### ASSIGNMENT
Output the lines of the records from the one containing "Beautiful large teak" through the last, both ends included. Leave pictures out.

### DATA RECORDS
· · ·
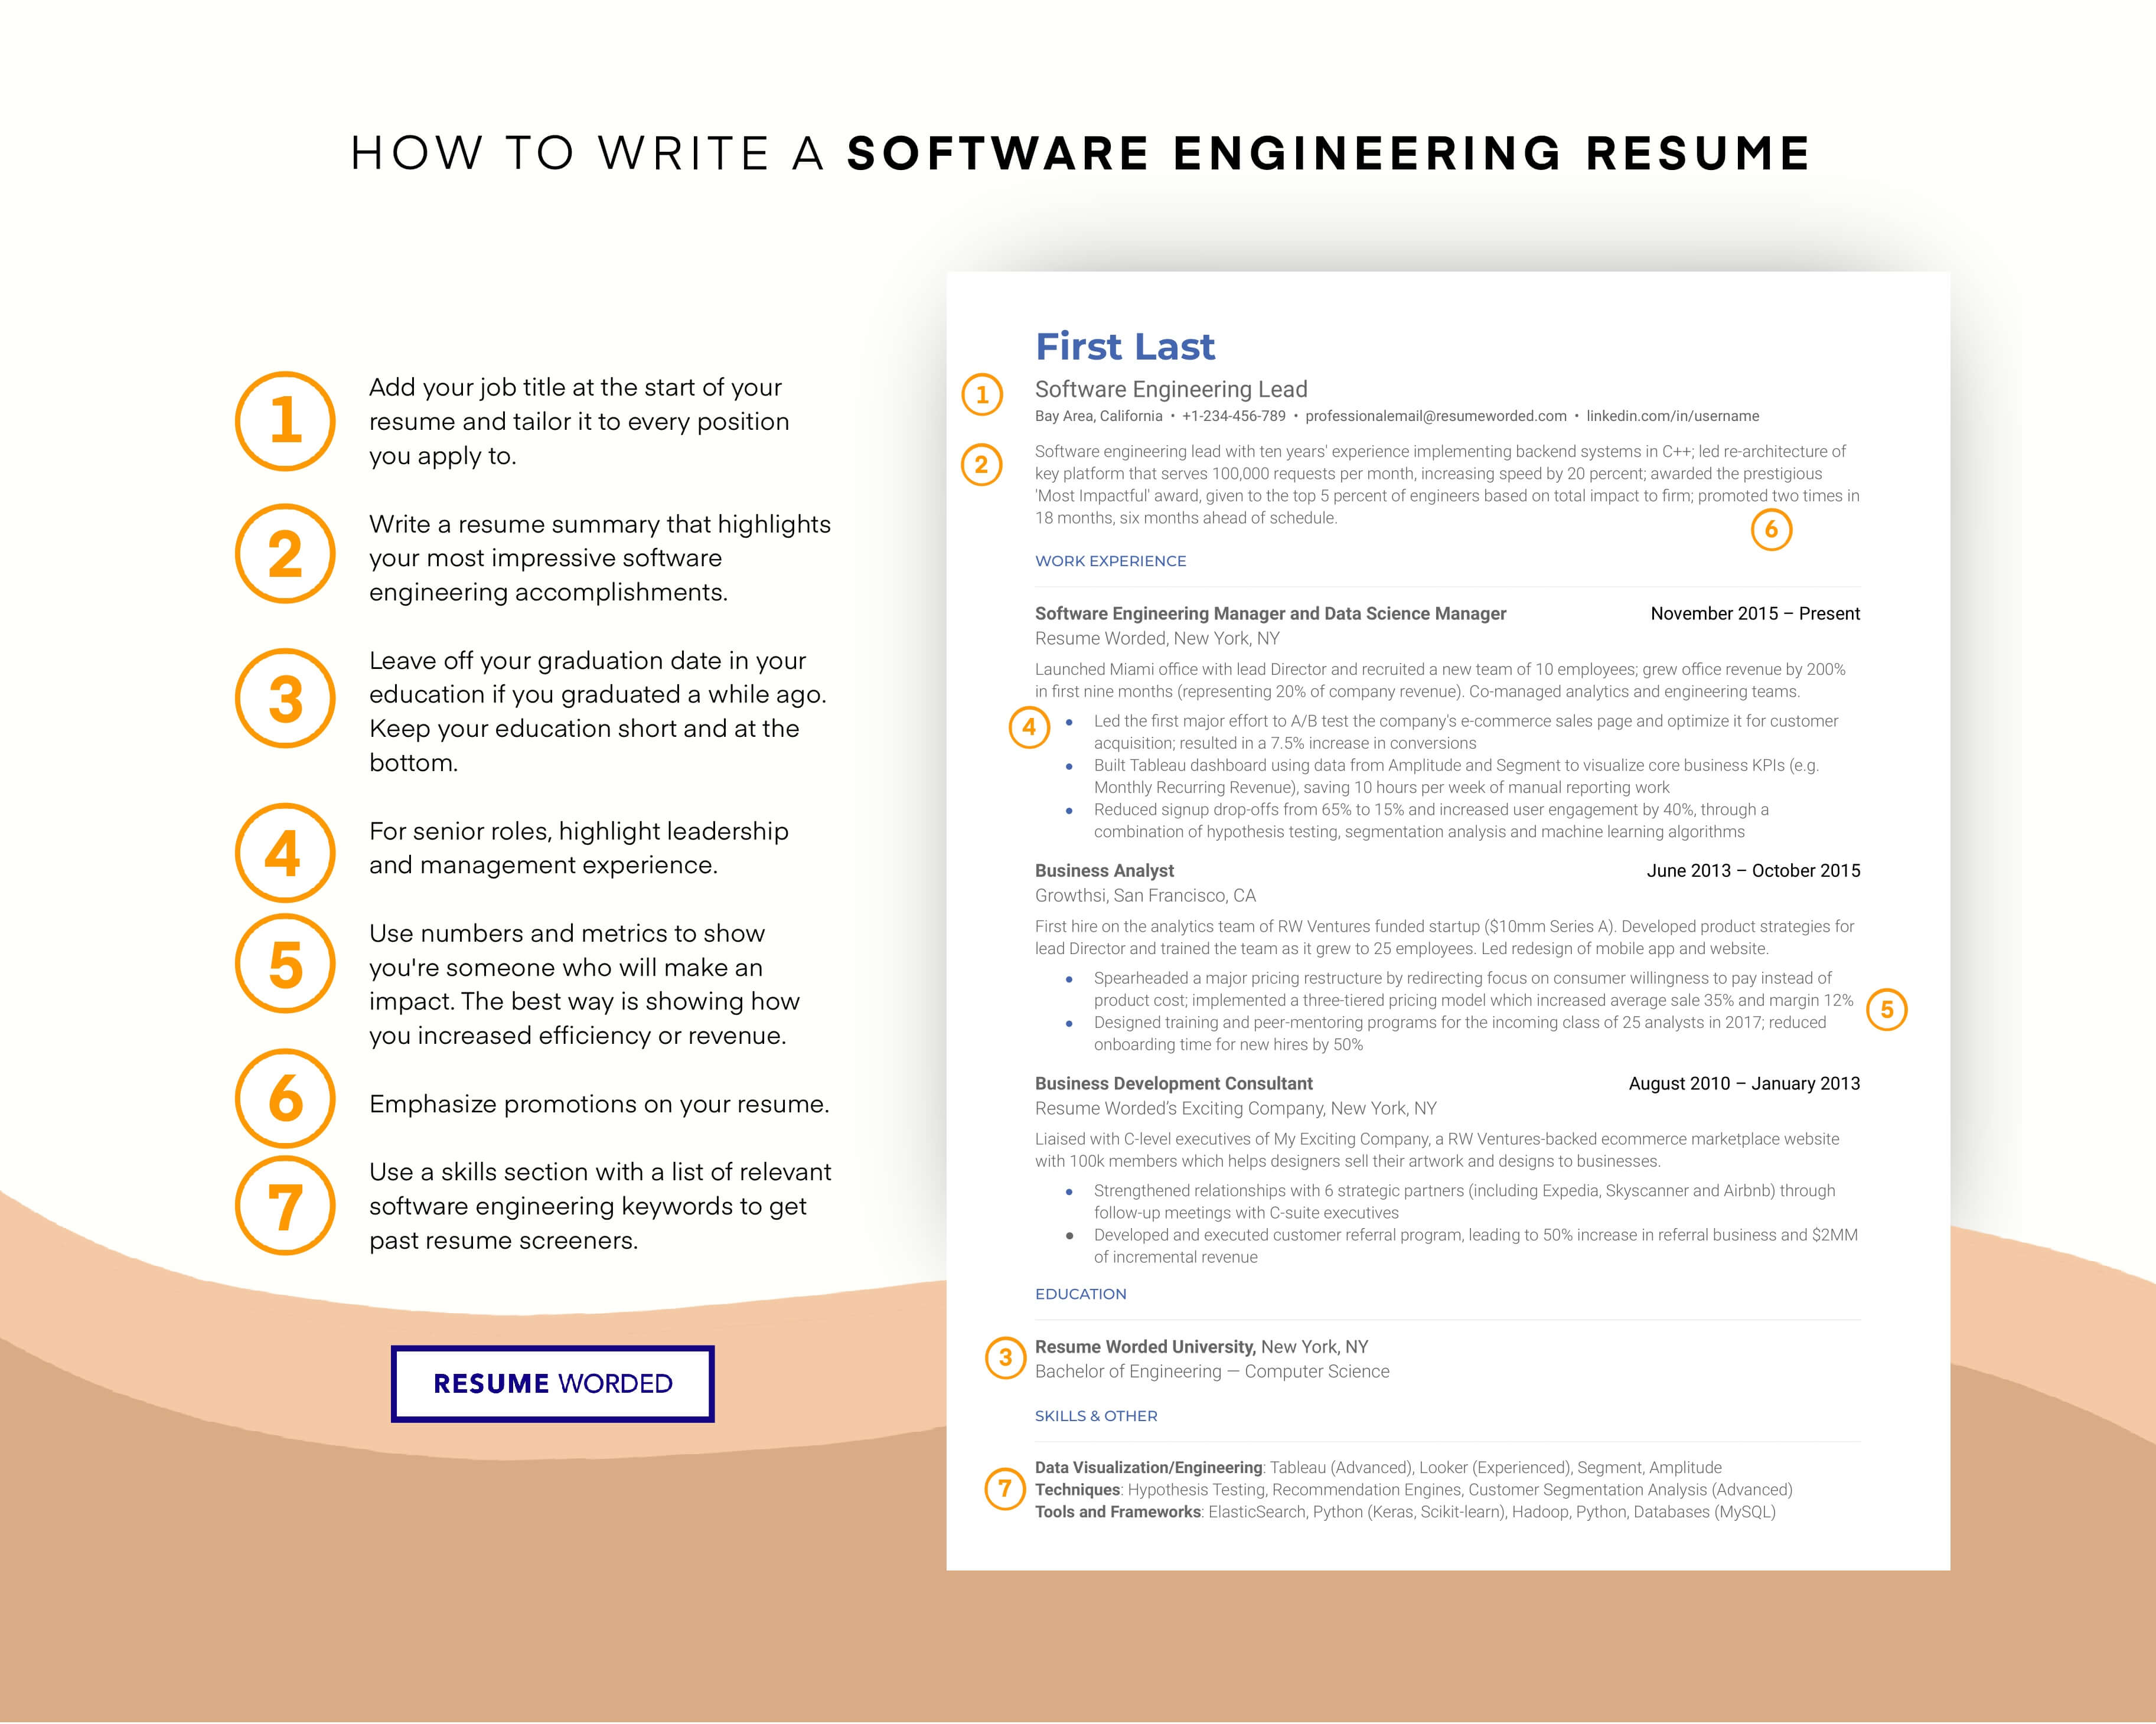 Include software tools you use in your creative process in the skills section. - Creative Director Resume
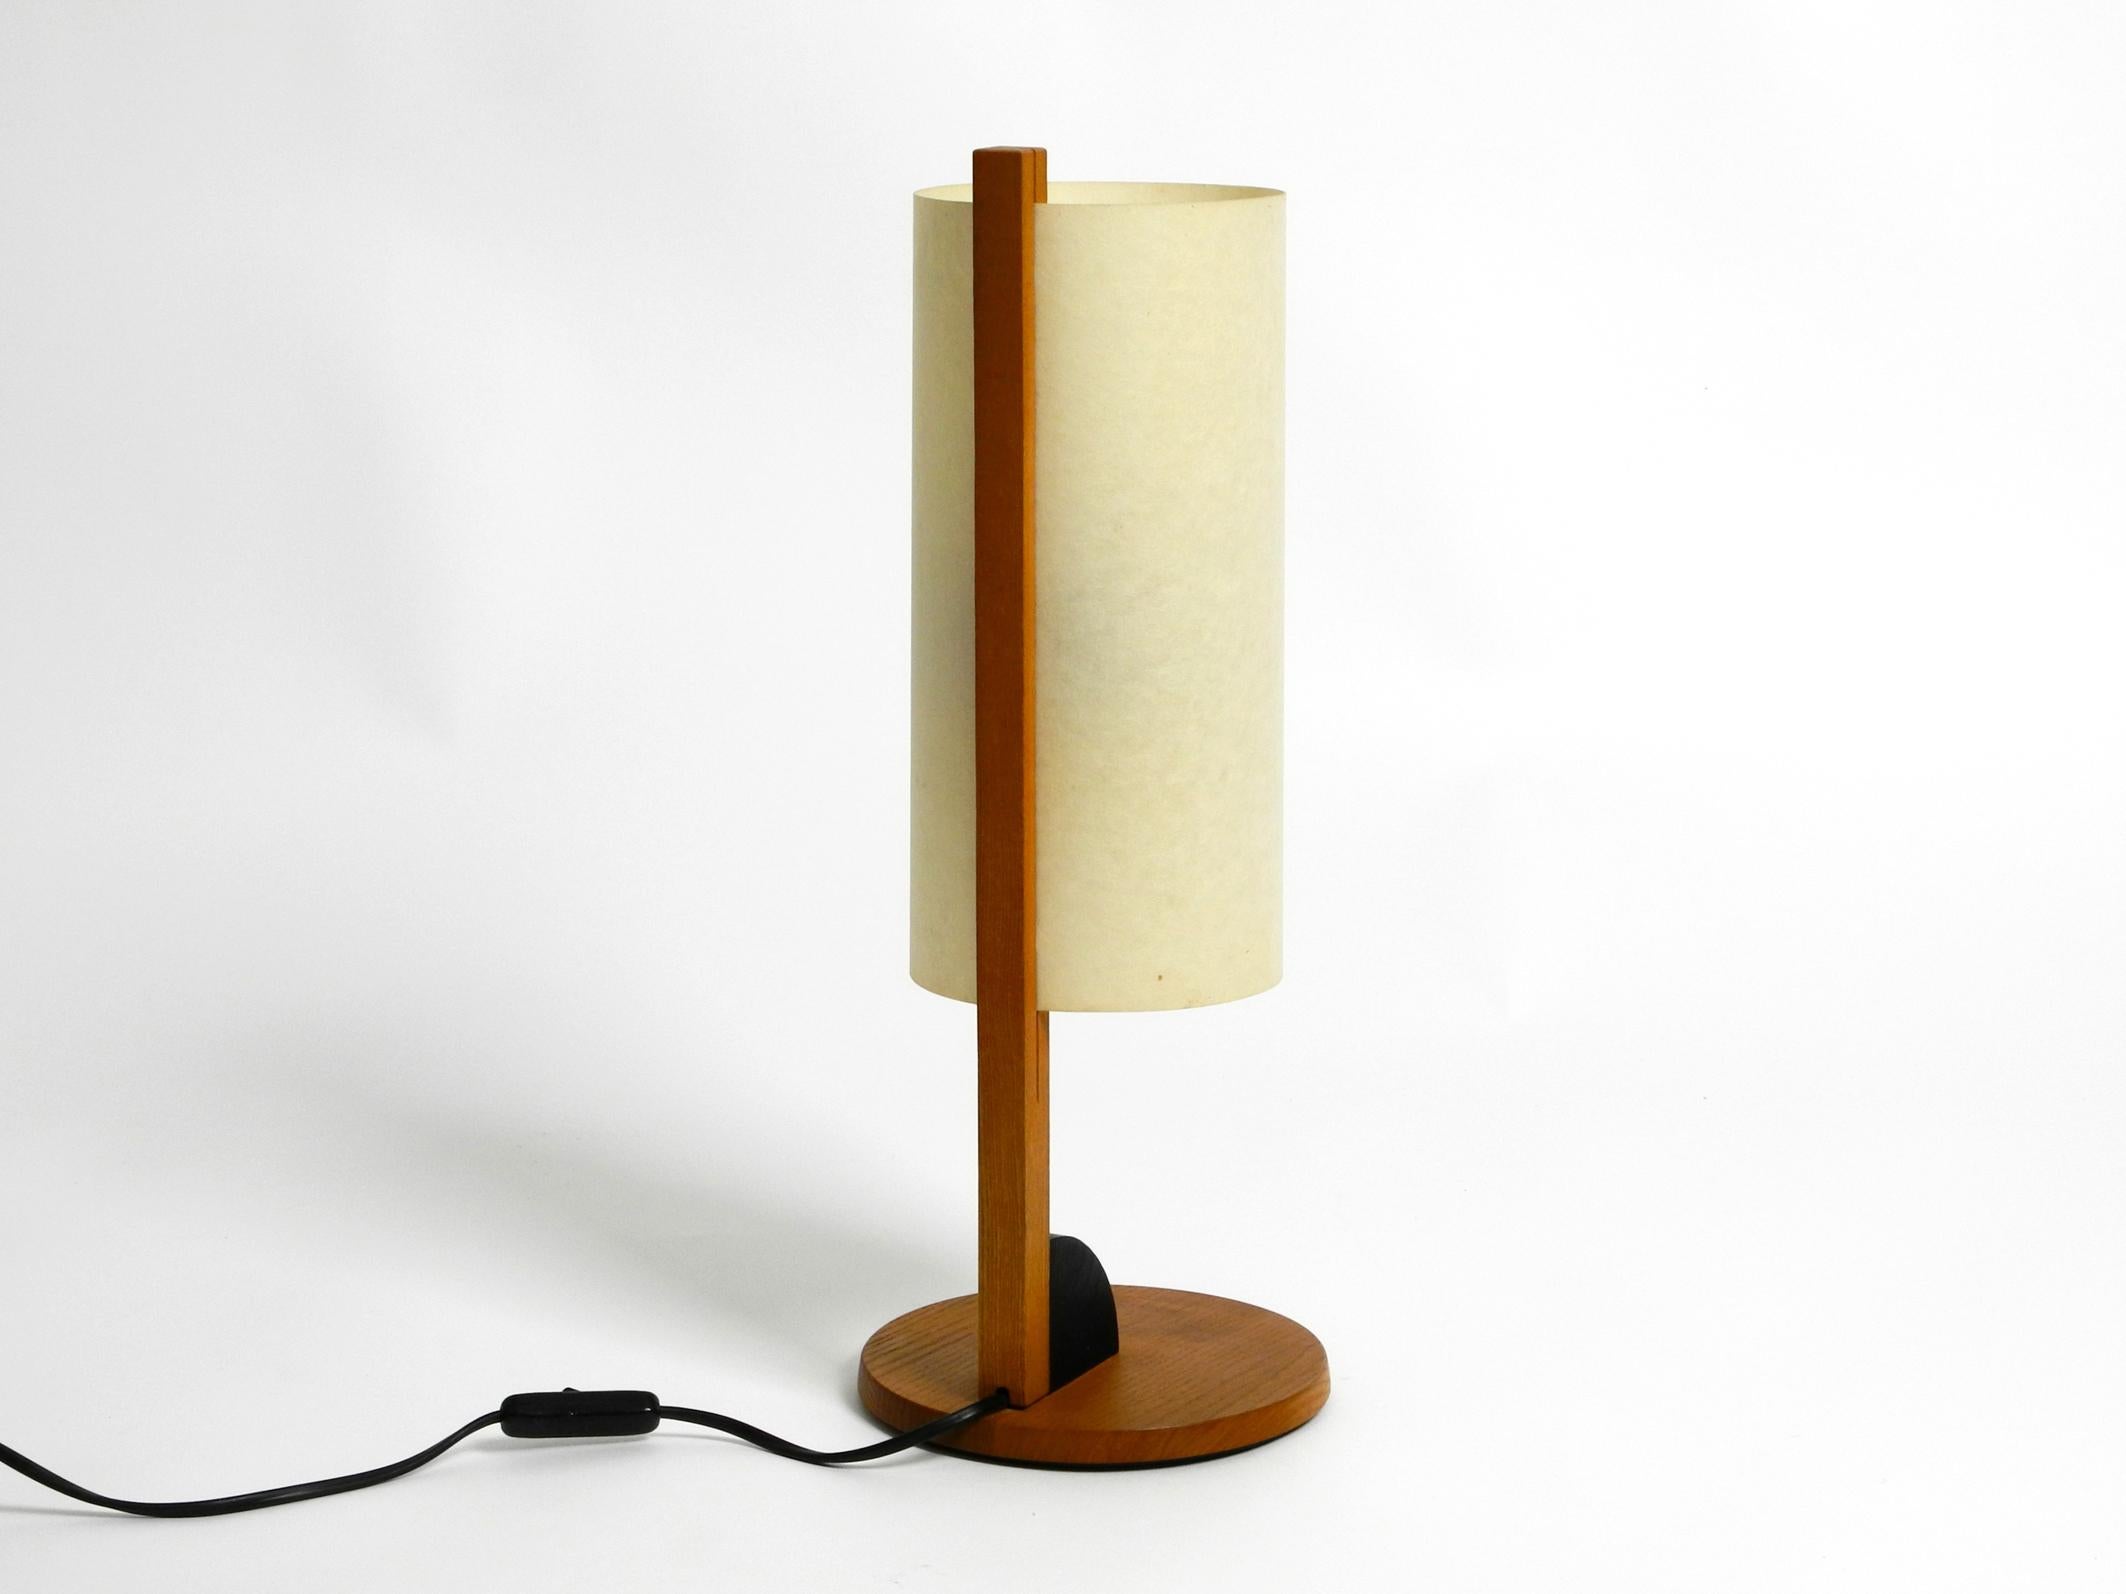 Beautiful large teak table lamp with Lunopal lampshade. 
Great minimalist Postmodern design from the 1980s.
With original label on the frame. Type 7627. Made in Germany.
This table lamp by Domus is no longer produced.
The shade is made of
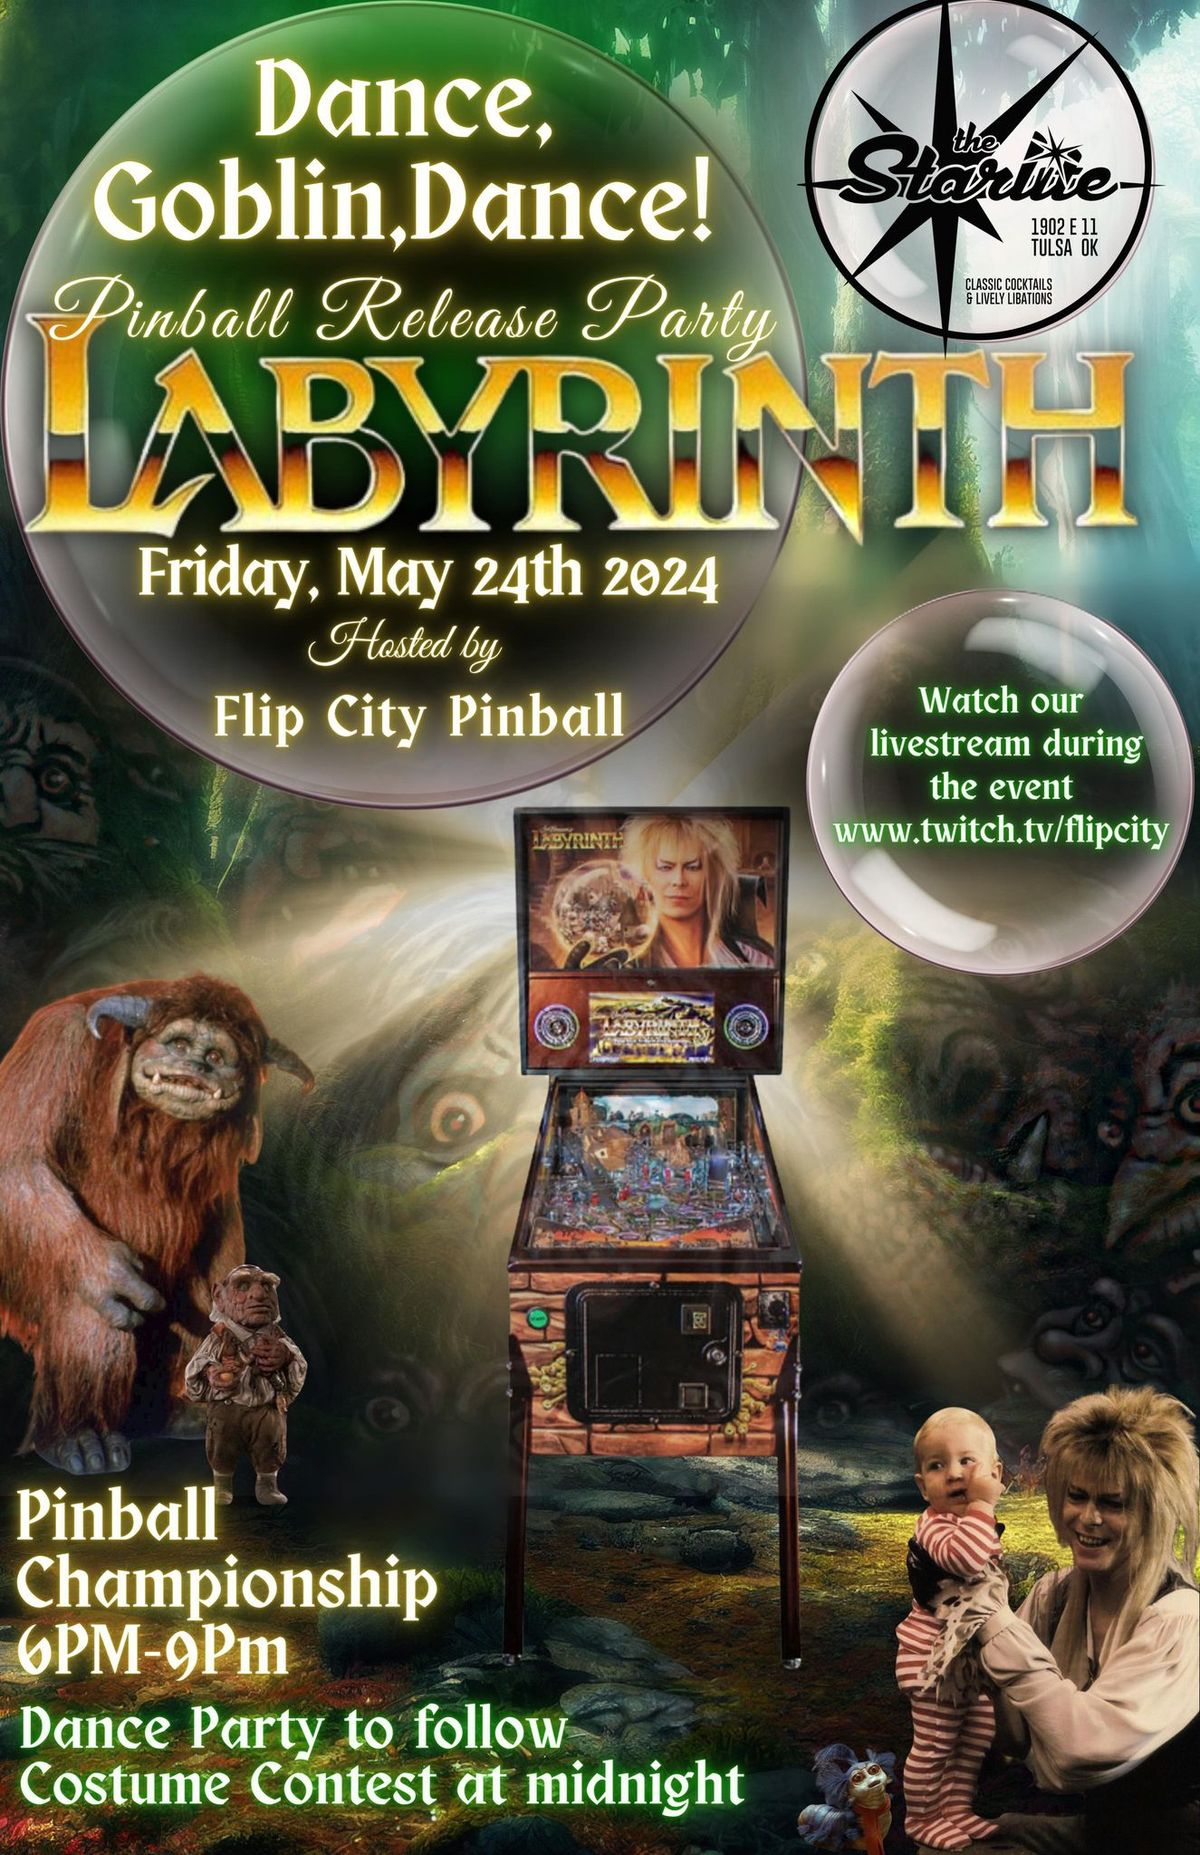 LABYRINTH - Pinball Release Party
· · ·
### SOLUTION BELOW
 Beautiful large teak table lamp with Lunopal lampshade. 
Great minimalist Postmodern design from the 1980s.
With original label on the frame. Type 7627. Made in Germany.
This table lamp by Domus is no longer produced.
The shade is made of
 LABYRINTH - Pinball Release Party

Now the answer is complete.